◆ **What this task involves**: Please copy the lines below, exactly as they are, from the one with "B&B constructions" through the one with "NISSAN INFINITI G37", and leave out the pictures.

◆ **Data to use**:

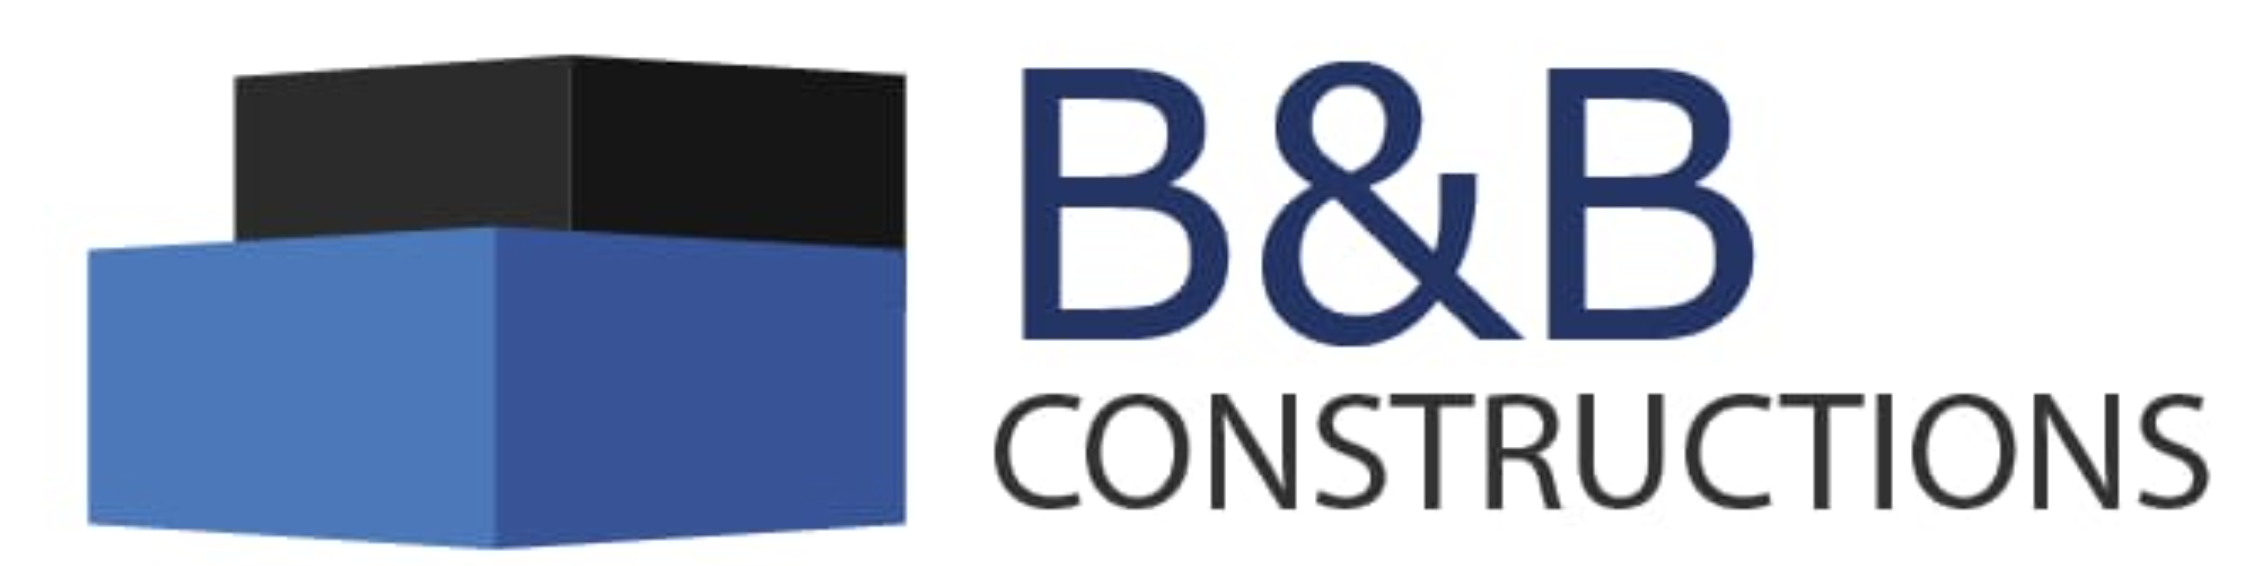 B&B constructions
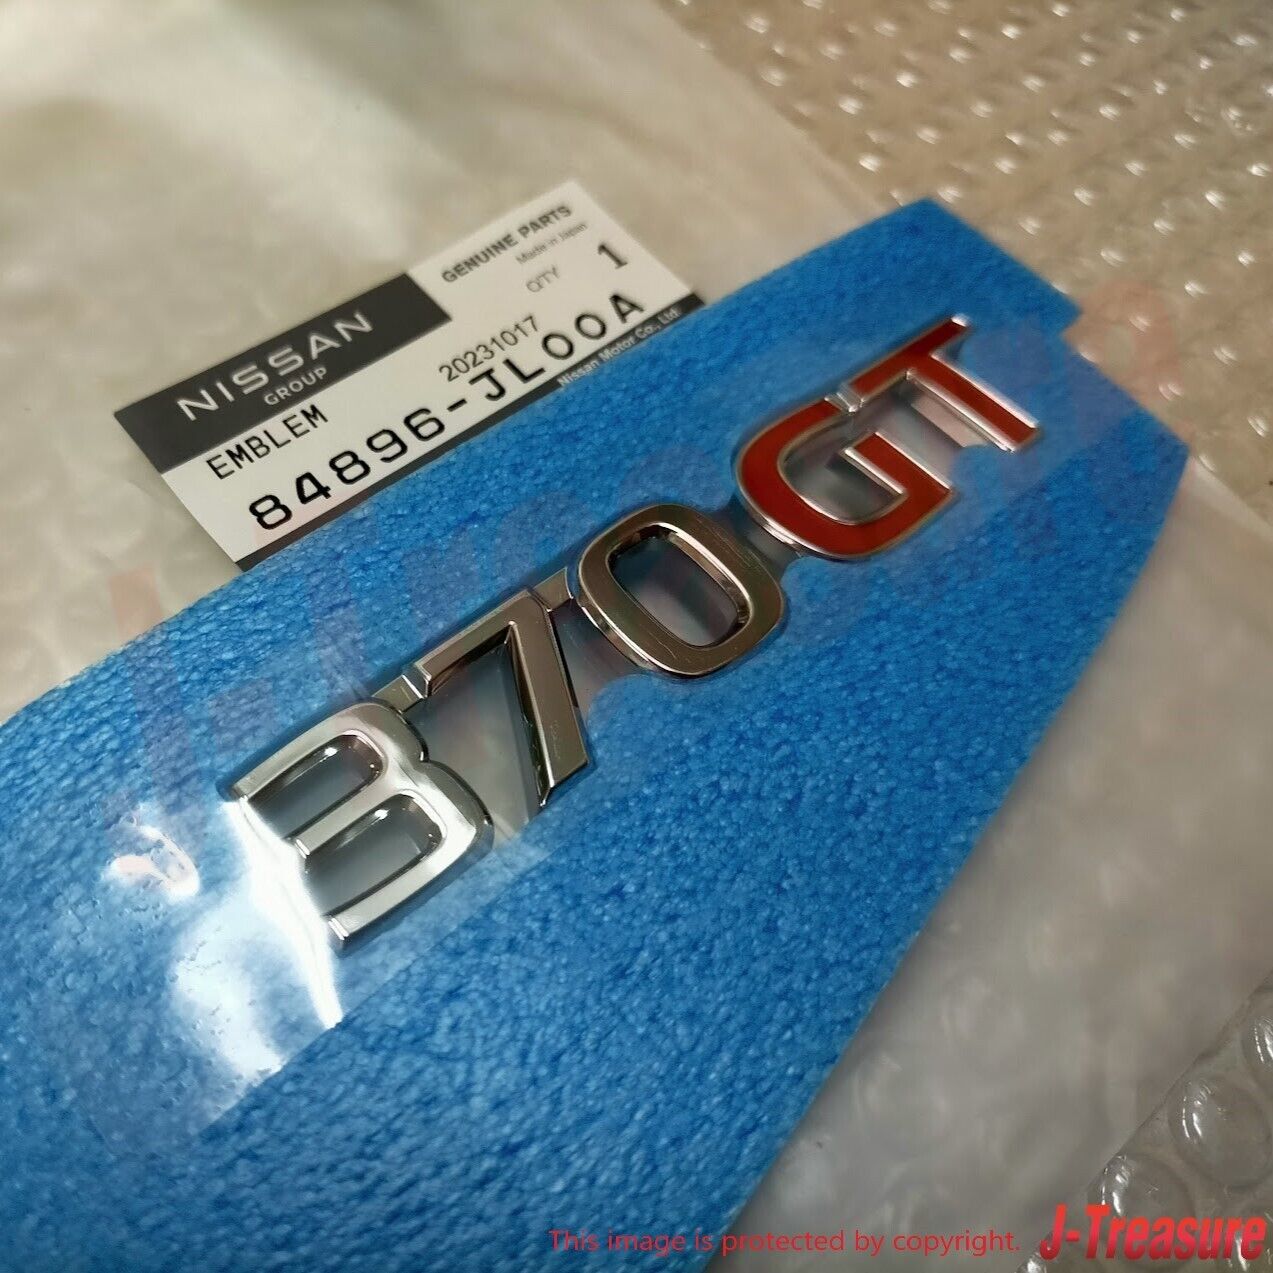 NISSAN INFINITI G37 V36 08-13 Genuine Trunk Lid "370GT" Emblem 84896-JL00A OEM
...
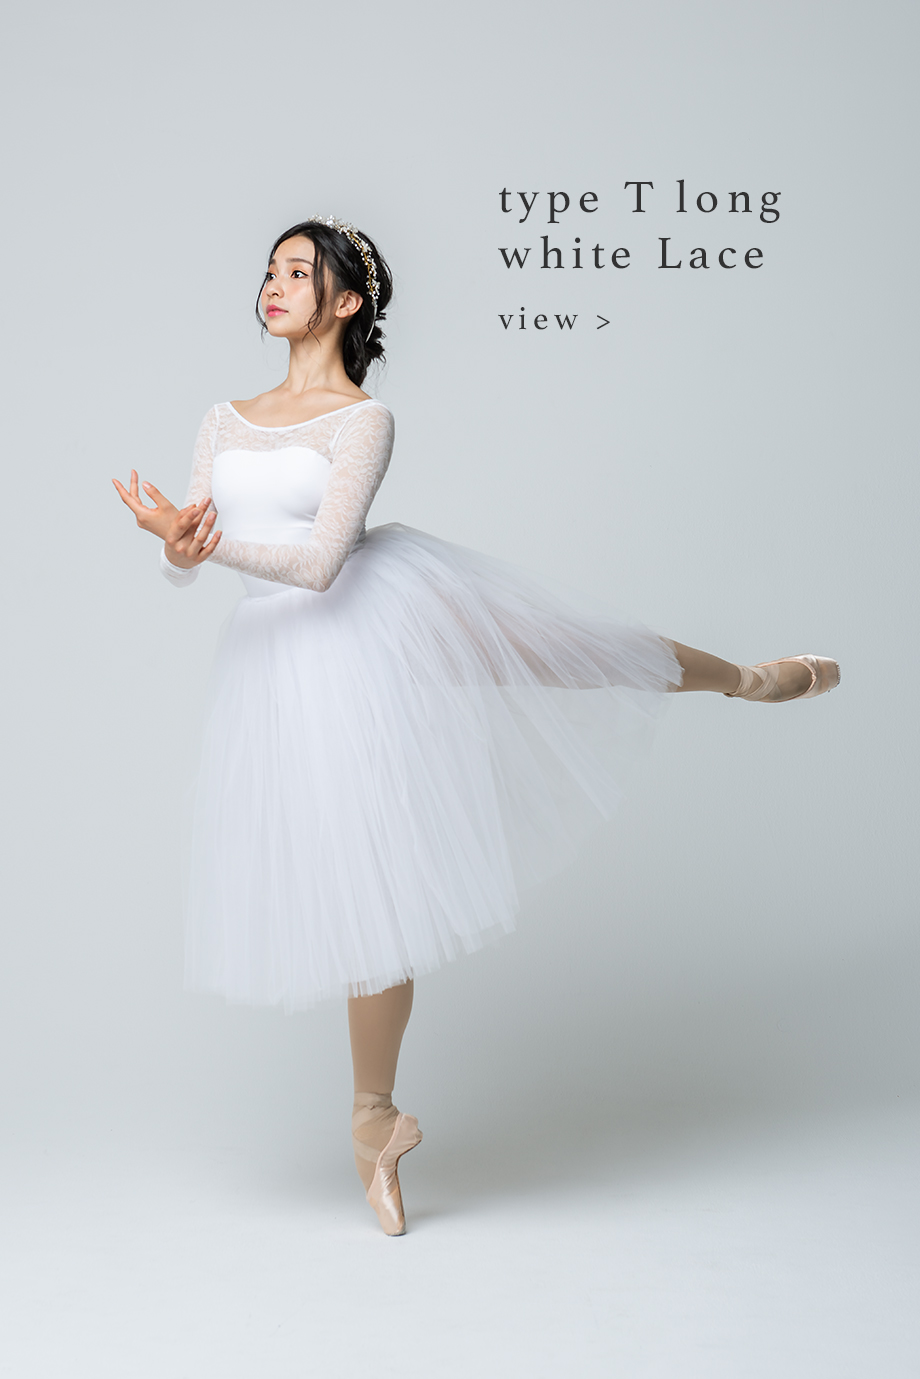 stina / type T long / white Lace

◆ **Reply**:
 B&B constructions
 NISSAN INFINITI G37 V36 08-13 Genuine Trunk Lid "370GT" Emblem 84896-JL00A OEM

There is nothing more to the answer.